We had brought a book to read, as we do on some travel, with each of us taking turns reading chapters aloud. One of our favorite authors has now dropped two stinkers, so we probably won’t be taking another of his along.

Neighbors stopped to visit. This is the comfortable draw of the fire pit with camping chairs sitting around the fire. The chairs need a person to be seated. We watched several four-wheelers pass, usually one to three at a time, then a set of nine passed. An occasional vehicle would pass, maybe two or three in a day, more on the weekend. The most astonishing thing was that a FedEx truck passed on Friday! FedEx had finally made it to our seclusive camping spot! It feels as though we have been discovered by the rest of the world now.

On Sunday night, my nephew and his wife came for a campfire visit. Their cabin is about an hour away. While we were waiting for them, another neighbor, and a friend of my nephew’s, stopped for a visit. We spent the evening talking, catching up on all of the local news. He smiled at my surprise of seeing the FedEx truck. “Yes, they’ve been coming by here for a while, I think on Wednesdays and Fridays.” Some old stories were re-told and re-remembered. The neighbor had to go back home where his wife, probably like my mom had many times, was wondering what was taking so long. Visiting is very important.

It was late, but we decided to roast some hot dogs on the fire, a break from the sausages Greg and I had been eating for dinner each evening. We had brought more food for cooking, but roasting a sausage was so easy and tasty, with no dishes to clean. Banner is a fan, too, for treats.
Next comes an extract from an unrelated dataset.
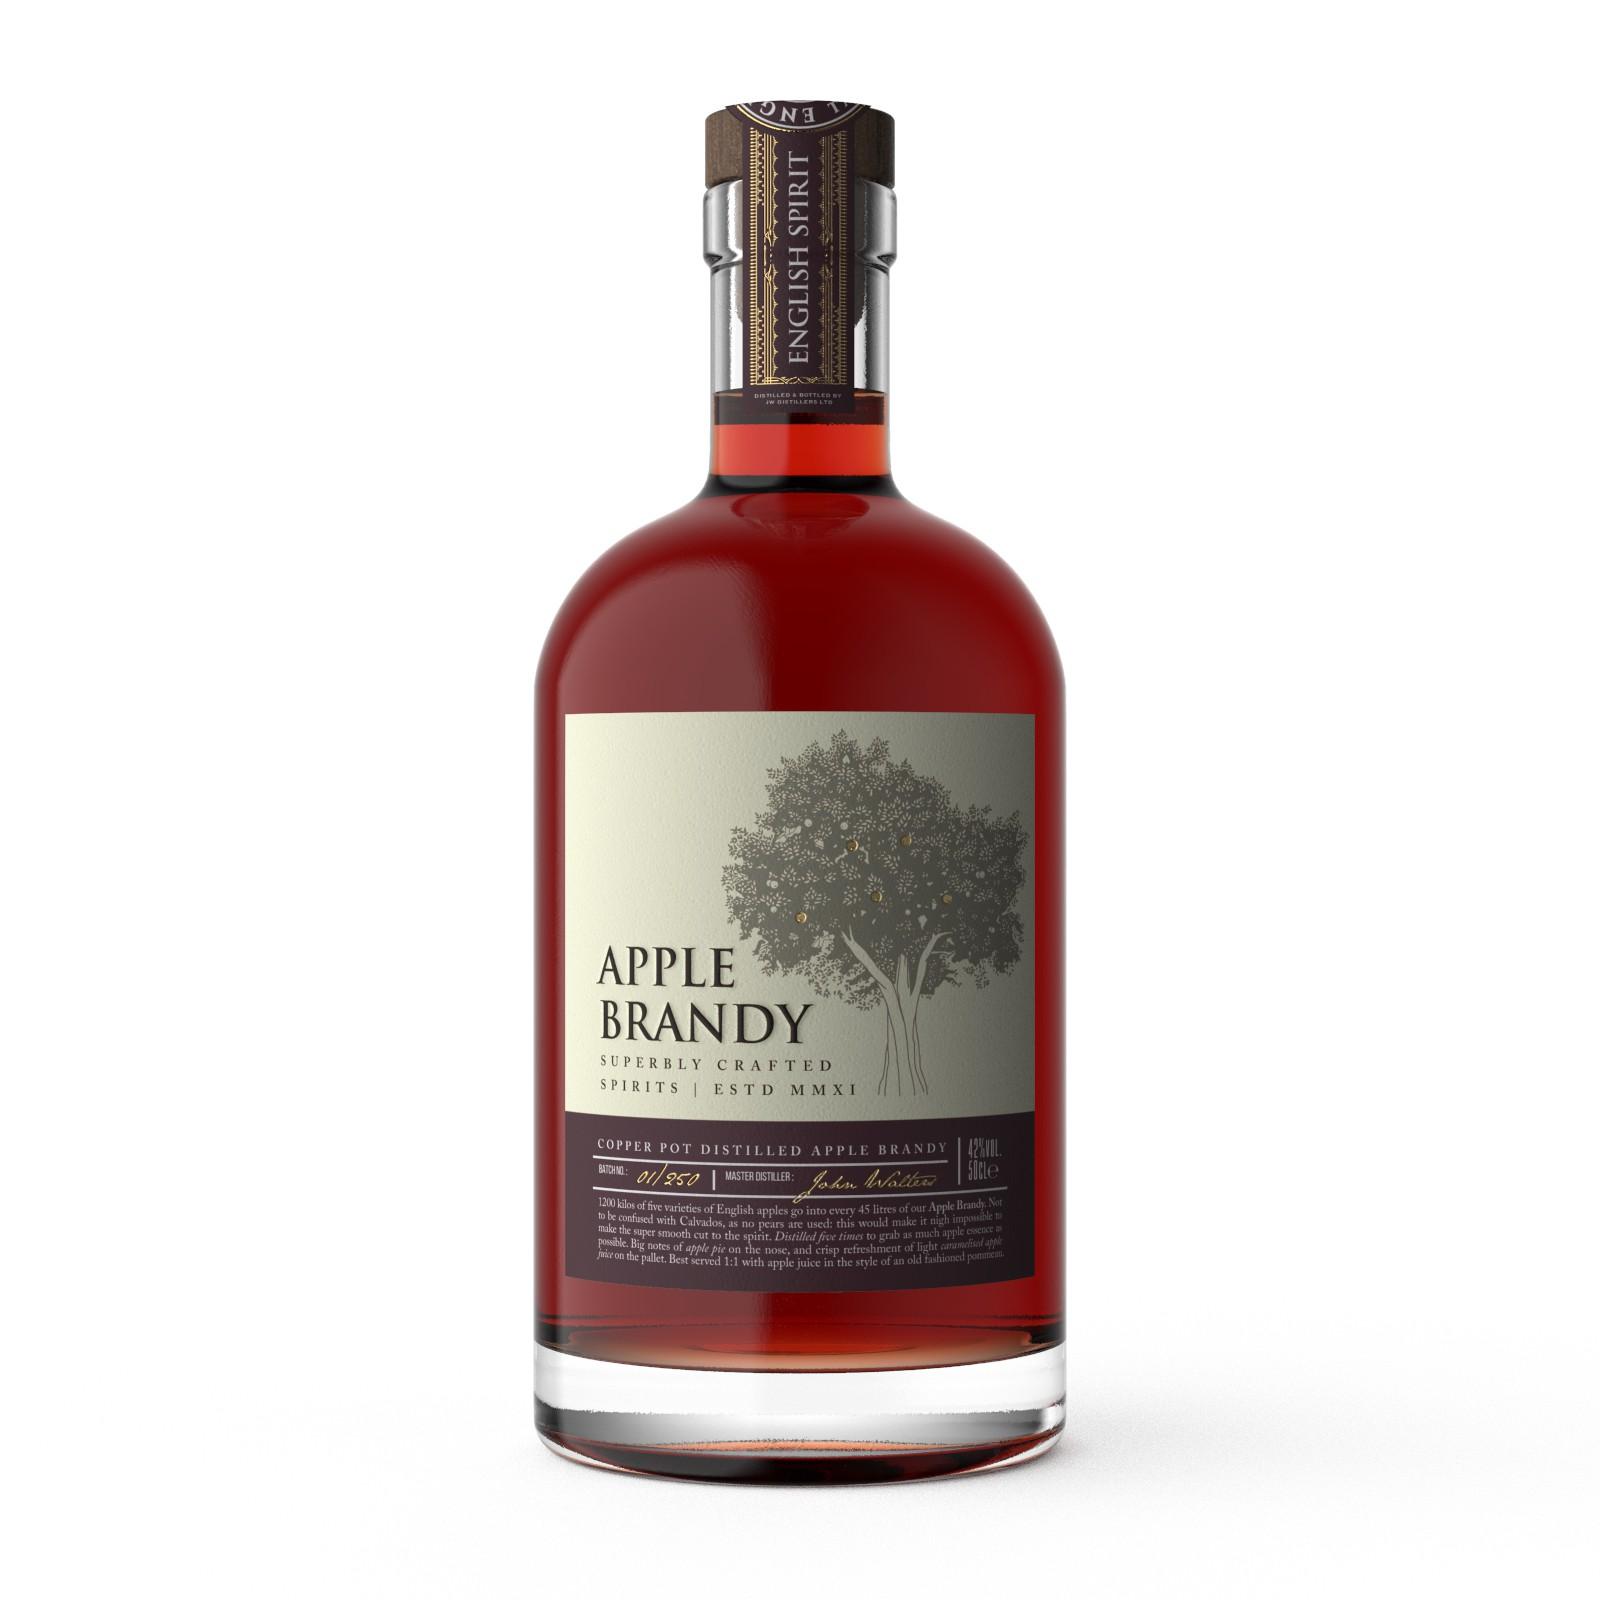 Label design for Apple Brandy

On Monday, as we began to pack, a very depressed Newfoundland went to the horse trailer (that we used to bring the four-wheeler) and sat beside it and watched us. She knew that the party would soon be over, and it was heart-breaking, for her and for us to see her. So when we were nearly finished re-packing, we took a last walk down the road, and on the way out, we stopped at the spring to let her get wet again. I collected water to take back for making coffee. This spring water makes wonderful coffee. And on Tuesday, I had two cups instead of the usual one.

Once we were on the road again, she was too busy to think about the trip being over. She was on the next new adventure, with moving windows, where she walks back and forth from one side to the other, watching all of the exciting things passing the van, like a kid with two movies running at the same time on different sets. Life is wonderful, and it is always more wonderful shared from the perspective of a Newf.